BAB 1. PENDAHULUAN
1.1 Latar Belakang
Tanaman tebu merupakan salah satu tanaman perkebunan
yang banyak dibudidayakan di Indonesia khususnya didaerah pulau Jawa.
Perkembangan tanaman tebu sebagai tanaman penyumbang devisa terbesar selain
tanaman kelapa sawit dimulai sejak zaman Belanda. Tanaman tebu dibudidayakan
sebagai bahan baku pembuatan gula sehingga dalam pembudidayaannya memerlukan
perlakuan khusus agar gula ataupun rendemen yang dihasilkan oleh tanaman tebu
dapat tercapai dalam skala yang tinggi. Rendemen merupakan kandungan gula yang
mampu dihasilkan oleh tanaman tebu dari hasil fotosintesis sehingga dapat
terproduksi dengan teknik budidaya yang baik. Untuk itu, untuk mencapai tebu
yang dapat berproduksi yang tinggi serta mempunyai rendemen yang tinggi perlu
dilakukan perluasan areal ataupun pemeliharaan dan pengadaan bibit tebu yang
memiliki kualitas dan daya tumbuh yang baik. Penggunaan varietas tebu yang
mempunyai sifat unggul menjadi salah atu faktor yang sangat penting. Pengadaan
benih atau bibit tebu dapat didukung melalui penggunaan teknologi yang
dilakukan dengan cara penataan varietas benih yang bermutu, murni, dan sehat.
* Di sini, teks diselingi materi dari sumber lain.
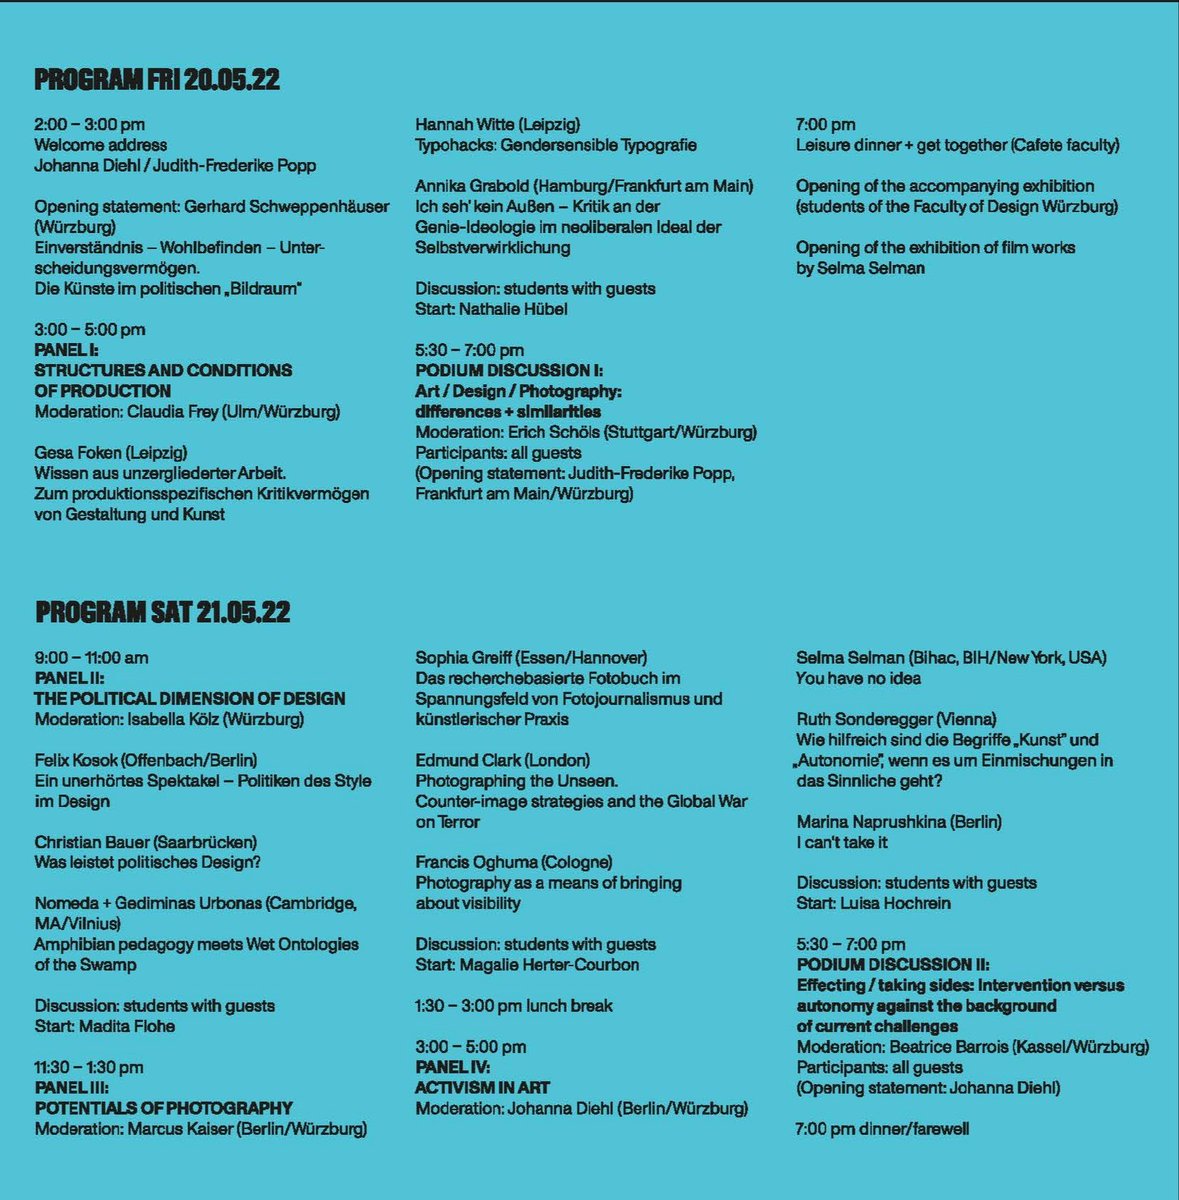 The program for 'Taking Sides. Design and Art between Autonomy and Intervention' (20.-21.05.22) is complete! Th event will be accessible in person and on zoom. Registration is open until May 6th through: fg.fhws.de/taking-sides We are looking forward to interested participants!

Penyediaan benih unggul tanaman tebu dapat dilakukan
dengan berbagai cara yaitu kultur jaringan ataupun penyediaan bibit dengan
tepat yaitu menggunakan single bud
planting. Hal ini disebabkan dalam pengadaan benih tebu melalui penangkaran
yang semakin rendah sehingga diperlukan percepatan teknologi penyediaan bibit
tebu secara tepat dengan mengurangi pembelian bibit tebu yang tidak terlalu
tinggi. Varietas unggul merupakan varietas yang menunjukkan adaptasi dan
produktivitas yang tinggi serta memiliki keunggulan-keunggulan tertentu khususnya
daya tumbuuh, ketahanan terhadap hama penyakit, serta dari hasil rendemen yang
dapat diproduksi. Penyediaan varietas unggul tanaman tebu biasanya terhambat
oleh faktor waktu dikarenakan bibit tebu yang membutuhkan lama untuk dapat
tumbuh jika menggunakan pembibitan biasa. Hal ini menyebabkan pengembangan
tanaman tebu melalui perluasan areal dengan menggunakan teknologi penyiapan
bibit yang cepat menjadi terhambat.
Teknologi pembibitan tanaman tebu menggunakan single bud merupakan suatu sistem pembibitan yang menggunakan satu
mata tunas masih belum dikenal secara luas oleh petani atau pembudidaya tebu.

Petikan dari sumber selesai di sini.